• Raw data
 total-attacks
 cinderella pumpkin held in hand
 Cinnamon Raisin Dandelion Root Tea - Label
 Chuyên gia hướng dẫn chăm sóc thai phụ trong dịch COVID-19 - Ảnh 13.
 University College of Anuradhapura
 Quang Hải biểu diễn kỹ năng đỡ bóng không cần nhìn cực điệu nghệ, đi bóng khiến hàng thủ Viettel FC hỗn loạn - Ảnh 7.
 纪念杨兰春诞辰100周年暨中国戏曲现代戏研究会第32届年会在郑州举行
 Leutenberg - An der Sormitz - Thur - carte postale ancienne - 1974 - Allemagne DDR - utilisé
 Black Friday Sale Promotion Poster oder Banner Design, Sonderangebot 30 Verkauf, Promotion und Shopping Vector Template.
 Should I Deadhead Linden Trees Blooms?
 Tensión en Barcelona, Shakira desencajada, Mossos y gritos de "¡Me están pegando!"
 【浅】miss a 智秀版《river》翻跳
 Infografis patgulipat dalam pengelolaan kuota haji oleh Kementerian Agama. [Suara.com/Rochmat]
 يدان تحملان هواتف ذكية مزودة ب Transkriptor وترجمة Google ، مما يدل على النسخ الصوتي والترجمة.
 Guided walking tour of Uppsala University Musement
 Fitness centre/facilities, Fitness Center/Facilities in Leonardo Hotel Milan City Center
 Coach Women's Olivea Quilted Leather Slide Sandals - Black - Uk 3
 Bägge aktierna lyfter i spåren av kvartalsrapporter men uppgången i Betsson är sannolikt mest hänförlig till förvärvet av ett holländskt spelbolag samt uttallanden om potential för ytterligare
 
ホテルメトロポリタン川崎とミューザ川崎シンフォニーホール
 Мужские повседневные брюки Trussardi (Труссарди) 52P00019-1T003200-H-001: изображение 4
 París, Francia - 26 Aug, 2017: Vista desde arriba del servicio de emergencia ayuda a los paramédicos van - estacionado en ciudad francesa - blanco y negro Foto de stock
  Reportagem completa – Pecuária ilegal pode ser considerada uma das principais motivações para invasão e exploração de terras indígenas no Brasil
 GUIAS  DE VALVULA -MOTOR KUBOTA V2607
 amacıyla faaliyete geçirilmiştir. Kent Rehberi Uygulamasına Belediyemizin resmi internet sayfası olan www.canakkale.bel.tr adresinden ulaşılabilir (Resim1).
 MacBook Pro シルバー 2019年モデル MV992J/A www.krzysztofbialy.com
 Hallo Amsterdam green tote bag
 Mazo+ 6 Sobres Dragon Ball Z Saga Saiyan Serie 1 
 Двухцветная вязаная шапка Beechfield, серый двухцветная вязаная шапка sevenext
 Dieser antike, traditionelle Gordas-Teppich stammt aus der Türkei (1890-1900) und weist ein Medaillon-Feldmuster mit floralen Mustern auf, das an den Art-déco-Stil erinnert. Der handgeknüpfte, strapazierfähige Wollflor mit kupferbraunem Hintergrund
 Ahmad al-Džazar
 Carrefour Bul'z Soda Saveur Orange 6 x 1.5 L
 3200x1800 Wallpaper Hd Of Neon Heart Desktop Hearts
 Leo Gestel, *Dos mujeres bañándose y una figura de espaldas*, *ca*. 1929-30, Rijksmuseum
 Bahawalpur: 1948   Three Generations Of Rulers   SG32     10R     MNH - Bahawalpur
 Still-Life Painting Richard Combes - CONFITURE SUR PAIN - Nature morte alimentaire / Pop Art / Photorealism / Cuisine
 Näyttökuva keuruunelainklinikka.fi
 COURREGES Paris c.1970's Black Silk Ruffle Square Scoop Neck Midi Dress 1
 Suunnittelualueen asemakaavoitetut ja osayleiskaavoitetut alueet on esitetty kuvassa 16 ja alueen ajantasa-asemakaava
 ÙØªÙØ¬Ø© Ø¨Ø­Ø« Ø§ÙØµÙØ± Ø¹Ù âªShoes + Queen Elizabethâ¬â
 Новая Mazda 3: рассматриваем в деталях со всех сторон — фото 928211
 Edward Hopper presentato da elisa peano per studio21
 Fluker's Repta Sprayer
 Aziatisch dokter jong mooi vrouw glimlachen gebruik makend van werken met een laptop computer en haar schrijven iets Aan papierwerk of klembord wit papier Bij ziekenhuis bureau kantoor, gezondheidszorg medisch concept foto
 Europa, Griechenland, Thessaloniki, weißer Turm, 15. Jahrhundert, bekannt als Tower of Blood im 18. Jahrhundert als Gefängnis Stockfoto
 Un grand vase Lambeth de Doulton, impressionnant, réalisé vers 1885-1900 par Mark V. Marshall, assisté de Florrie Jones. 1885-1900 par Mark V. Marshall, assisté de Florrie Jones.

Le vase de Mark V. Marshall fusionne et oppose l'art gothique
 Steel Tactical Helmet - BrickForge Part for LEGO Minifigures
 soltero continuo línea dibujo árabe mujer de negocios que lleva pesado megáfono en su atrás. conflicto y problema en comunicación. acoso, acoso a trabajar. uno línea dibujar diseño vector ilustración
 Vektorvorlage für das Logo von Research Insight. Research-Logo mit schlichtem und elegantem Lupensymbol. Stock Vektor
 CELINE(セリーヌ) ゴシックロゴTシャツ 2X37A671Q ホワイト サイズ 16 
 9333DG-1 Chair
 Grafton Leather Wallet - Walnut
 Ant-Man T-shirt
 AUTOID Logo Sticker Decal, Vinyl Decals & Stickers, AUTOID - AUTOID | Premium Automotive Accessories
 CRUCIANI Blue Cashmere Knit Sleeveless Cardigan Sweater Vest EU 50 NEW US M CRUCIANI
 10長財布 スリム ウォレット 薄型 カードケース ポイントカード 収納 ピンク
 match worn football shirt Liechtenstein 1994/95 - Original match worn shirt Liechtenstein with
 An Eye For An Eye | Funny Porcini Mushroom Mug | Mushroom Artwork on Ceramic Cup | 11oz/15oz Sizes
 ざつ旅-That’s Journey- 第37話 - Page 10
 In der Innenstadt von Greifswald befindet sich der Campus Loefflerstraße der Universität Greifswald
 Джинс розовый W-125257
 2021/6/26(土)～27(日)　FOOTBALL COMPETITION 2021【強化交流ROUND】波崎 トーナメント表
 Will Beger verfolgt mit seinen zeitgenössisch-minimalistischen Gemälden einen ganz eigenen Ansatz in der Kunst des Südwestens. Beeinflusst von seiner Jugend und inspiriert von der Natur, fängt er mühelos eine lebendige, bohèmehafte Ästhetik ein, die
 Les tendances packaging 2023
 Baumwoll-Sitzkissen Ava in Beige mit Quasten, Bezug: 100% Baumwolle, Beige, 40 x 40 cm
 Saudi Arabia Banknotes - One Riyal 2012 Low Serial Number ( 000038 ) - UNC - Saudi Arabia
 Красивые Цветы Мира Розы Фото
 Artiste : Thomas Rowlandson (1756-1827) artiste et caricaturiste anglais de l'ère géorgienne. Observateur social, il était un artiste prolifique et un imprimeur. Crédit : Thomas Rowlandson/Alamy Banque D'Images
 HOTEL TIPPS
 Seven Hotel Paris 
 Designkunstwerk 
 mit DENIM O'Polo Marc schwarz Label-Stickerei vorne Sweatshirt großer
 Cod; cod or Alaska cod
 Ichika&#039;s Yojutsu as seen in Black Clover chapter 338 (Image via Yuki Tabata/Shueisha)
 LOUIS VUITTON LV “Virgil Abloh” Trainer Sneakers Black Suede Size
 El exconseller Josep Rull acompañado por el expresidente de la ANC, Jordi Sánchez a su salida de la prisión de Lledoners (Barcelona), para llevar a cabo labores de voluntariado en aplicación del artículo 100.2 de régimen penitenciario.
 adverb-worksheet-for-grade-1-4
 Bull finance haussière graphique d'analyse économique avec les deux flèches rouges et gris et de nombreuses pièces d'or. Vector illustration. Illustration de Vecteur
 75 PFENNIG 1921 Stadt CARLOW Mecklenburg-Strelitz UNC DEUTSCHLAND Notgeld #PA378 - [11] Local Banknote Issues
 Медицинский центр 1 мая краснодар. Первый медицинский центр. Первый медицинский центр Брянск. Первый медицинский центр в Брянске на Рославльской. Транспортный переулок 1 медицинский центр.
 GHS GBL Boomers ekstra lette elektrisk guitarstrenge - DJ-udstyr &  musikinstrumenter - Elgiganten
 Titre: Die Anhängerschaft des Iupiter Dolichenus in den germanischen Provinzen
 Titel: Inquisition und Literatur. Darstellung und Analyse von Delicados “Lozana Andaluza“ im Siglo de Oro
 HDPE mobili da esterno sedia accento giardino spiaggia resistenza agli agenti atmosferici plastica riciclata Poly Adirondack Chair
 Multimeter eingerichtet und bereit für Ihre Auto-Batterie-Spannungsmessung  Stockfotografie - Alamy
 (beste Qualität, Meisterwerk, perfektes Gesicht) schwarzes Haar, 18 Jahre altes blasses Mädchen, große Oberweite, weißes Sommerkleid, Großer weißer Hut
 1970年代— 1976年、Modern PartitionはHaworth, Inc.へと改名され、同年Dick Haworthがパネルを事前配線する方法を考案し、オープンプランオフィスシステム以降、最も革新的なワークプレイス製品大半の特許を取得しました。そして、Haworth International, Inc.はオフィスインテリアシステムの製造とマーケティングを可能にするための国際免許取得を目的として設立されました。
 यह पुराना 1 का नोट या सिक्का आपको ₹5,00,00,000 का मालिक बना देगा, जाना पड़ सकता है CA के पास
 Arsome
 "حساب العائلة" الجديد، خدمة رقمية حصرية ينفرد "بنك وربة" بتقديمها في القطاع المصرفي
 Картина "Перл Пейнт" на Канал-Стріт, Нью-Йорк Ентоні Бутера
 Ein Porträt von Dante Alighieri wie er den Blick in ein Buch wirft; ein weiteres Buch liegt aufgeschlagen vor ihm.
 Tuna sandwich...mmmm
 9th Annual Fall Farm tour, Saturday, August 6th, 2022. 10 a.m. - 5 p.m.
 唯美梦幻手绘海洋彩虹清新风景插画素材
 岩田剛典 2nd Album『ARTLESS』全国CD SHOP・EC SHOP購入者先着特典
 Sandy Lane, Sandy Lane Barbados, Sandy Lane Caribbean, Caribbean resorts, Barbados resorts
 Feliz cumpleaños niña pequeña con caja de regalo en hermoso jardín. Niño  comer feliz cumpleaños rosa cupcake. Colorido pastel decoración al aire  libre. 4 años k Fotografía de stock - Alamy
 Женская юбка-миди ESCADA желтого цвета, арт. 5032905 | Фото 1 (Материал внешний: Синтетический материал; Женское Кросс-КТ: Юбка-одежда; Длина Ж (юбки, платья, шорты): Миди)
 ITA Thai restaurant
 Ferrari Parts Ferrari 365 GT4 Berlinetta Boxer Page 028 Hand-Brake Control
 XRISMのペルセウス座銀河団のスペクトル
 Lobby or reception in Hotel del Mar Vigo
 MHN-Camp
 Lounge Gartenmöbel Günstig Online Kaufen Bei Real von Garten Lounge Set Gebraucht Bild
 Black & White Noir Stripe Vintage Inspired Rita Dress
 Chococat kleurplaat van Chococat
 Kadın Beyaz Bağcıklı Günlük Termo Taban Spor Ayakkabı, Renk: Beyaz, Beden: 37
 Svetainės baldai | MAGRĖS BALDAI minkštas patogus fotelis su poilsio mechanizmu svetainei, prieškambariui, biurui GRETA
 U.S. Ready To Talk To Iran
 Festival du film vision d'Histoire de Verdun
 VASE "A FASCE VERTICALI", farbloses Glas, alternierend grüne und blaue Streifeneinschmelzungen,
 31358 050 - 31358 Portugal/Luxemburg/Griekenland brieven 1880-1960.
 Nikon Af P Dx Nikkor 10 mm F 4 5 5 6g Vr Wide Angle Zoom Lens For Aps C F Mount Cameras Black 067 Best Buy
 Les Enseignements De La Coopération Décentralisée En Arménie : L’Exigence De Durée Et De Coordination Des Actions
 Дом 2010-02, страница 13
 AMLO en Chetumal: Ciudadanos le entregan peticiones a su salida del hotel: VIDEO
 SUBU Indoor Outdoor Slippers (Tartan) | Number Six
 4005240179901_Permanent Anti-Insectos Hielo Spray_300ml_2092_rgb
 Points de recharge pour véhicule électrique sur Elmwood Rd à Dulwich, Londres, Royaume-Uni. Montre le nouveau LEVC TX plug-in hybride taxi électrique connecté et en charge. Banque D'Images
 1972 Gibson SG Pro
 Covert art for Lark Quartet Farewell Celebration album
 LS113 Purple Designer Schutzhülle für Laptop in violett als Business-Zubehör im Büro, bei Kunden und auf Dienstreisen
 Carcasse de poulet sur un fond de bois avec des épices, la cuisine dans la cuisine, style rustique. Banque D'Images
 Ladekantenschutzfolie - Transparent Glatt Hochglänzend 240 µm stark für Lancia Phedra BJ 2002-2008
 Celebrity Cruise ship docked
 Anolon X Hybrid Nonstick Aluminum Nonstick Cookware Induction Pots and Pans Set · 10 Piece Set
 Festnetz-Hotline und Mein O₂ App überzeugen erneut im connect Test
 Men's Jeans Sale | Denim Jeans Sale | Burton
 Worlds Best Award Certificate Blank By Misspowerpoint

• Task item
Tally up how many lines in the preceding listing contain the word "Paris". Give nothing but the number.

• Output for this task
2